Rupert prit les enve­loppes. Elles étaient lourdes, anciennes, importantes.

« Et si nous refusons ? »

« Vous ne refu­se­rez pas. » Madame Nefise retour­na à son fau­teuil et reprit son tri­cot. « Per­sonne ne refuse un mys­tère otto­man. Sur­tout pas à Constan­ti­nople. Ce sont les plus beaux mystères. »

Elle avait rai­son, bien sûr.

Rupert et Ayşe redes­cen­dirent en silence. Dans le hall, ils trou­vèrent Per­ci­val, Niko­lai (qui venait d’ar­ri­ver de Mos­cou « juste au bon moment, comme tou­jours »), et même Ley­la qui était reve­nue de Milan « parce que quelque chose lui disait qu’elle devait être là. »
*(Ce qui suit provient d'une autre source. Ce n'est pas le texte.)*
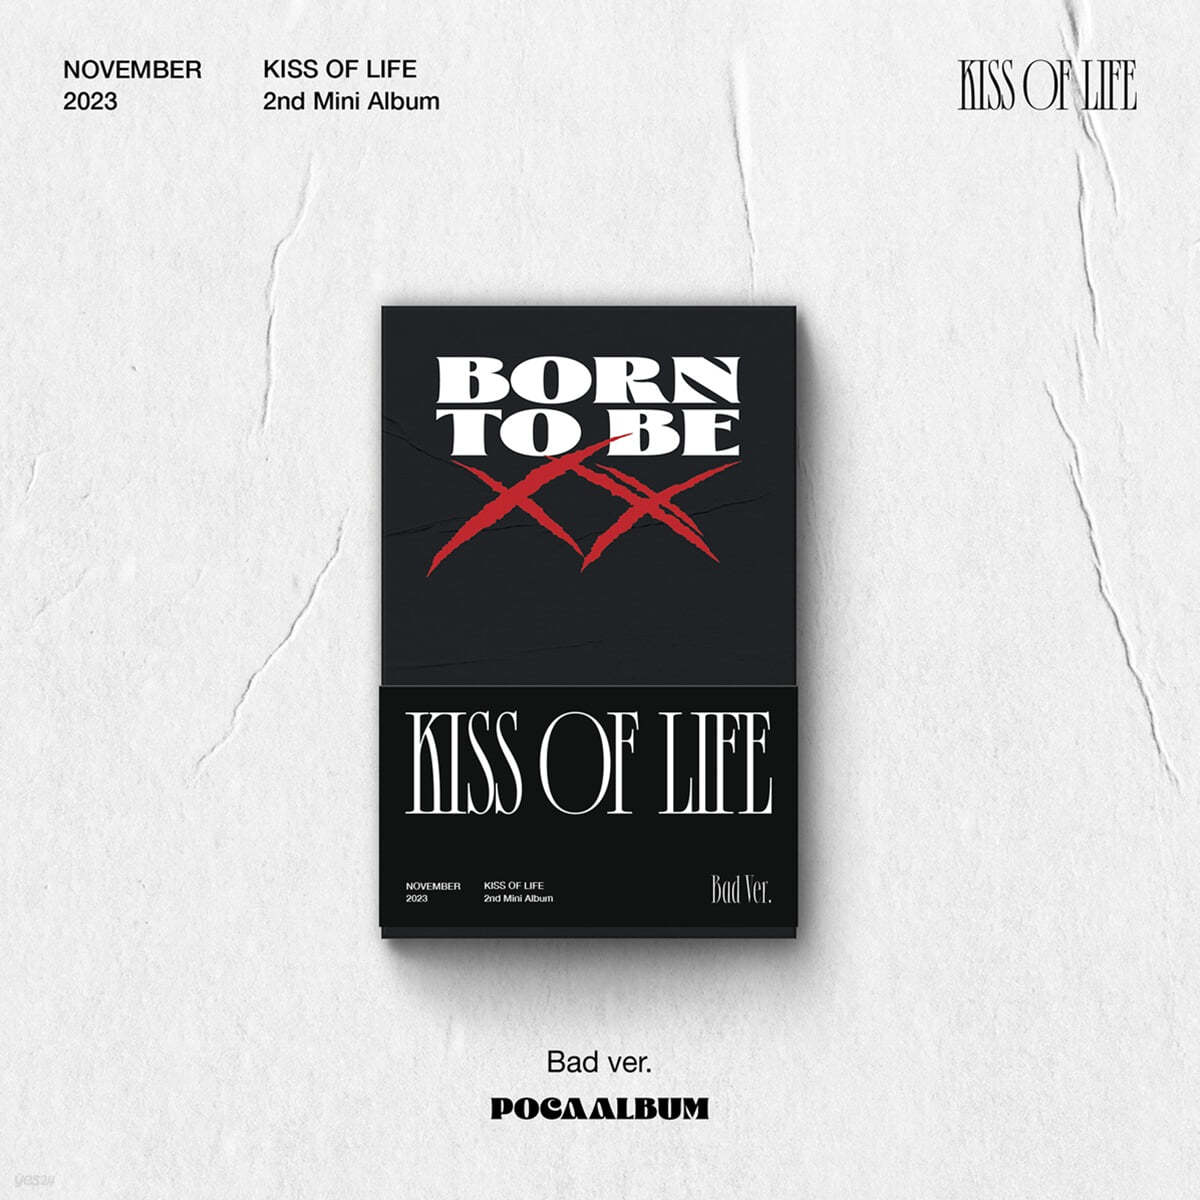 KISS OF LIFE - 2nd Mini Album Born to be XX (POCA) (Bad Ver.)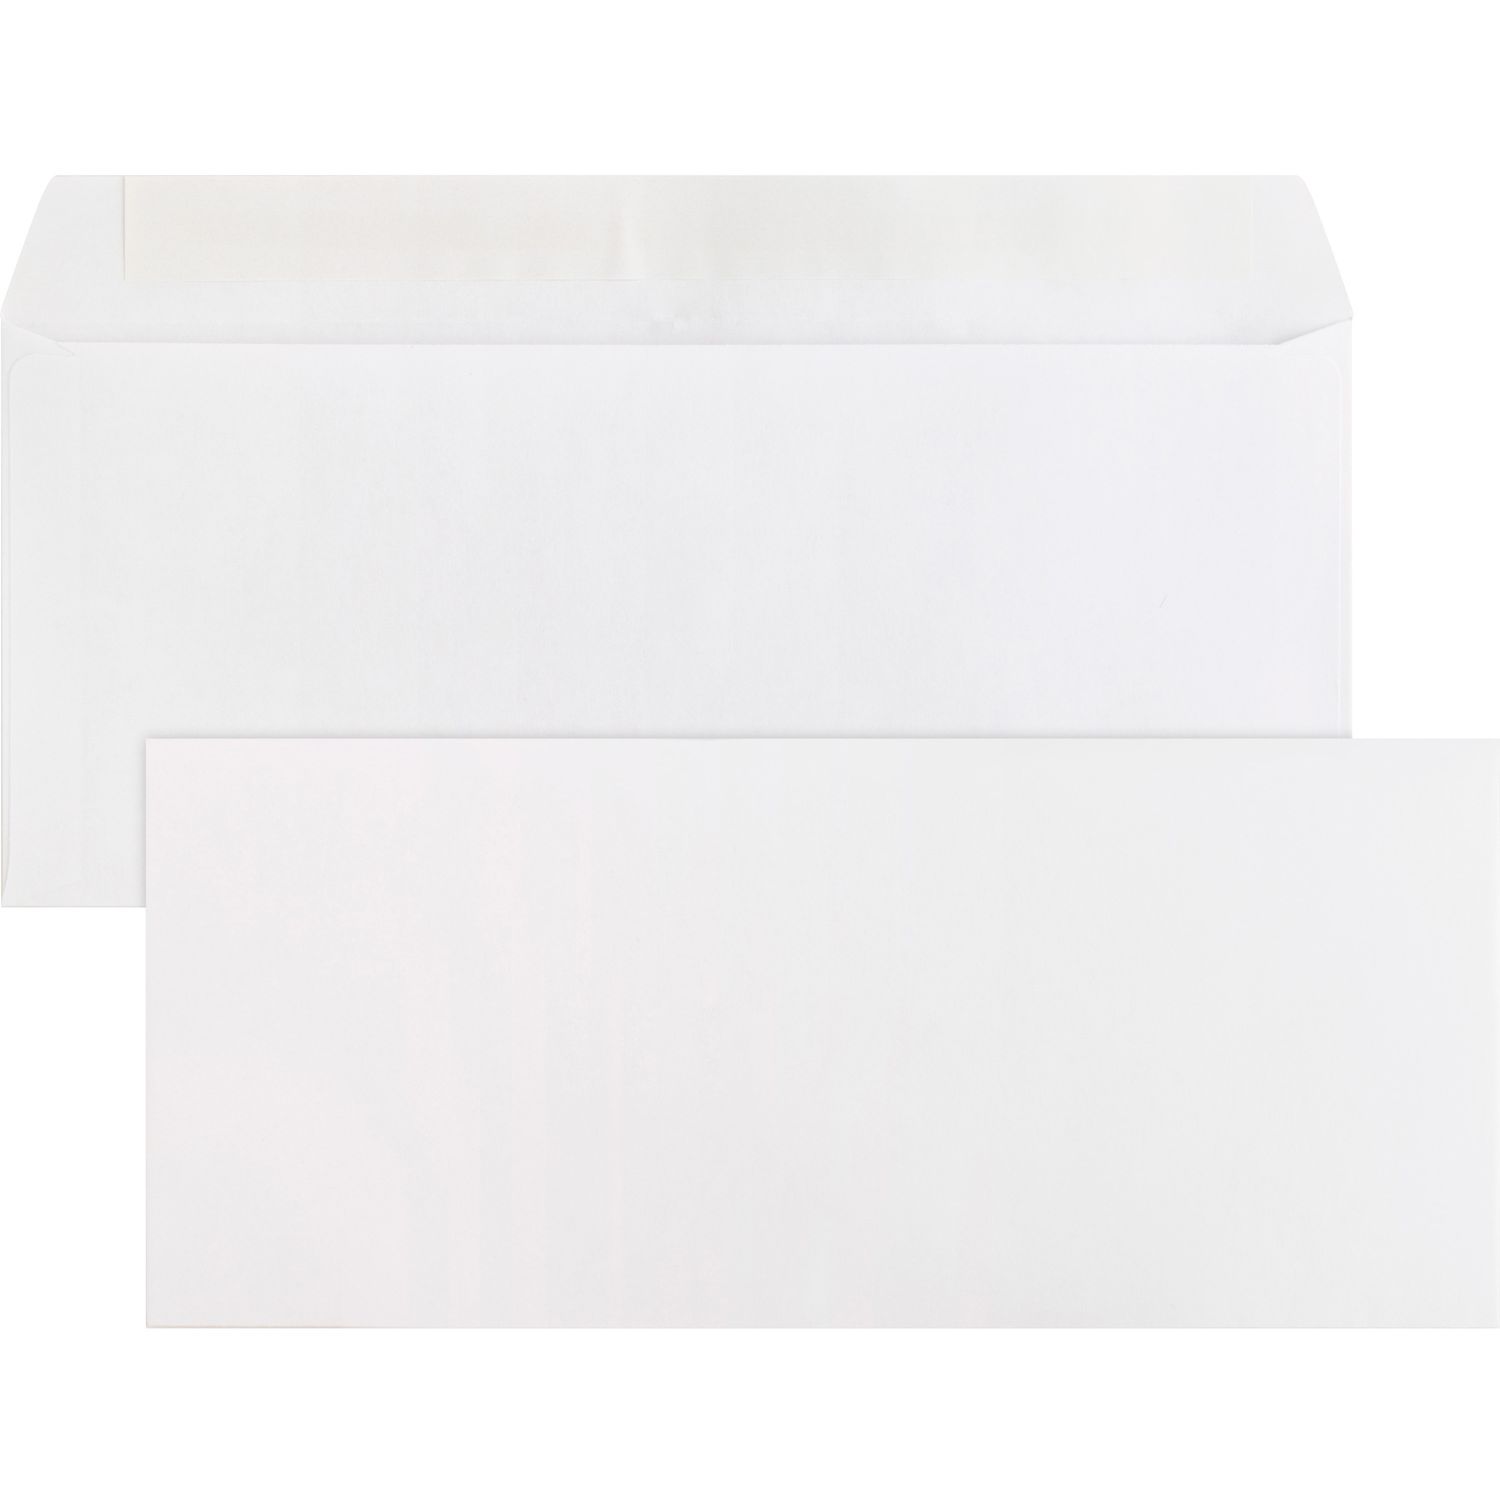 Plain Peel/Seal Business Envelopes Business, #10, 9 1/2" Width x 4 1/8" Length, 24 lb, Peel & Seal, Wove, 500 / Box, White

Rupert leur mon­tra les enveloppes.

« Nous par­tons pour Sofia demain, » annonça-t-il.

« Évi­dem­ment, » sou­pi­ra Per­ci­val. « Pour­quoi pas. »

Pacha II miau­la depuis l’escalier.

Et quelque part dans Constan­ti­nople, un pigeon roucoula.

L’a­ven­ture venait vrai­ment de commencer.